- **What is being asked**
Please return exactly the lines from the top of the data through the line that contains "D. transmural inflammation.<br>", and skip all pictures.

- **Data excerpt**
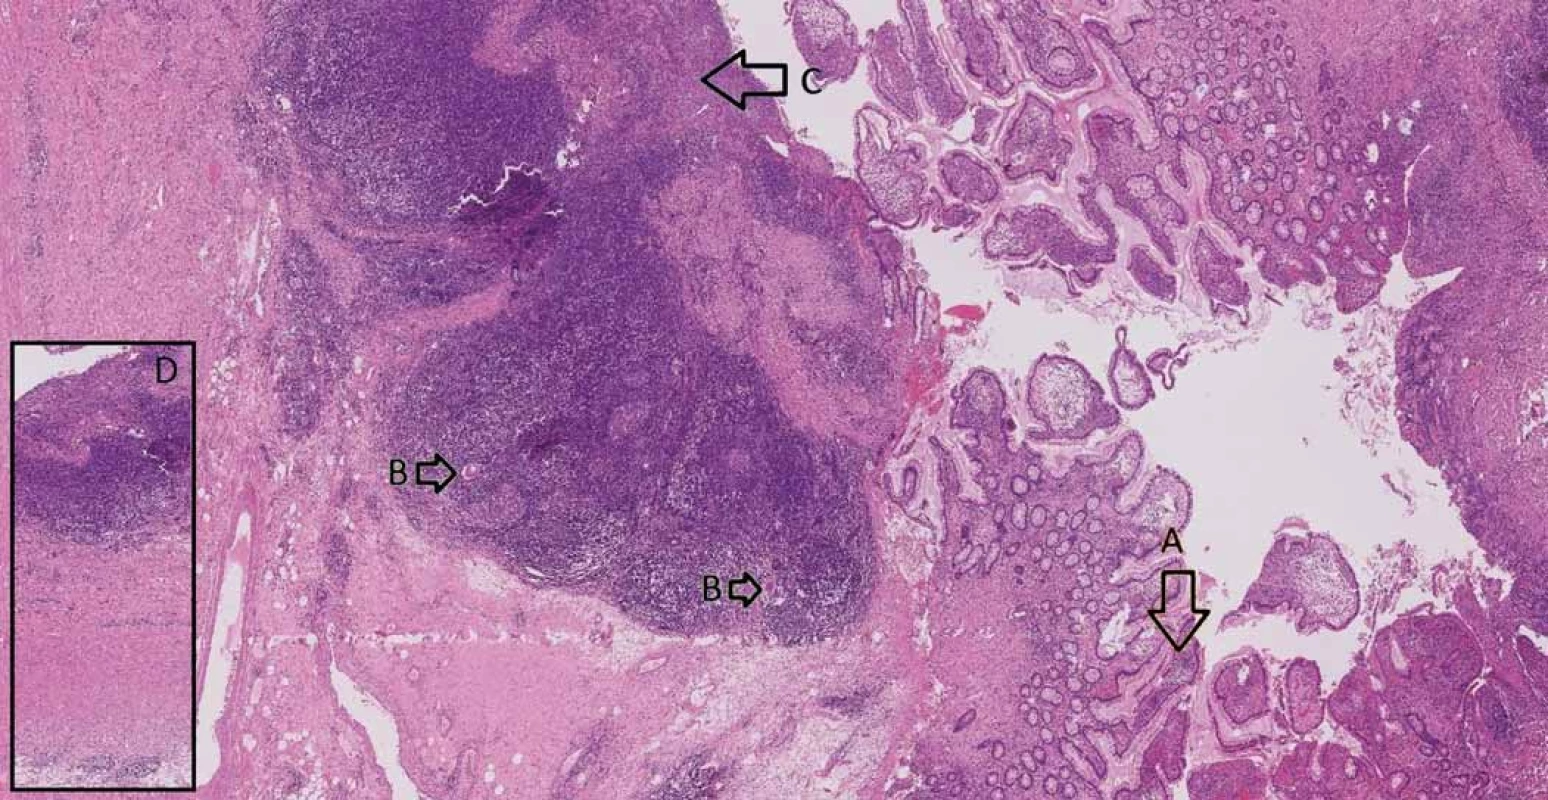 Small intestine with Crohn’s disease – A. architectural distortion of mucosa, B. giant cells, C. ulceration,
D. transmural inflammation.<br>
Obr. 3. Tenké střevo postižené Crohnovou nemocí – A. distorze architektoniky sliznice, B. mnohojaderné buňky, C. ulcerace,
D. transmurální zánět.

- **Reply to the exercise**
 Small intestine with Crohn’s disease – A. architectural distortion of mucosa, B. giant cells, C. ulceration,
D. transmural inflammation.<br>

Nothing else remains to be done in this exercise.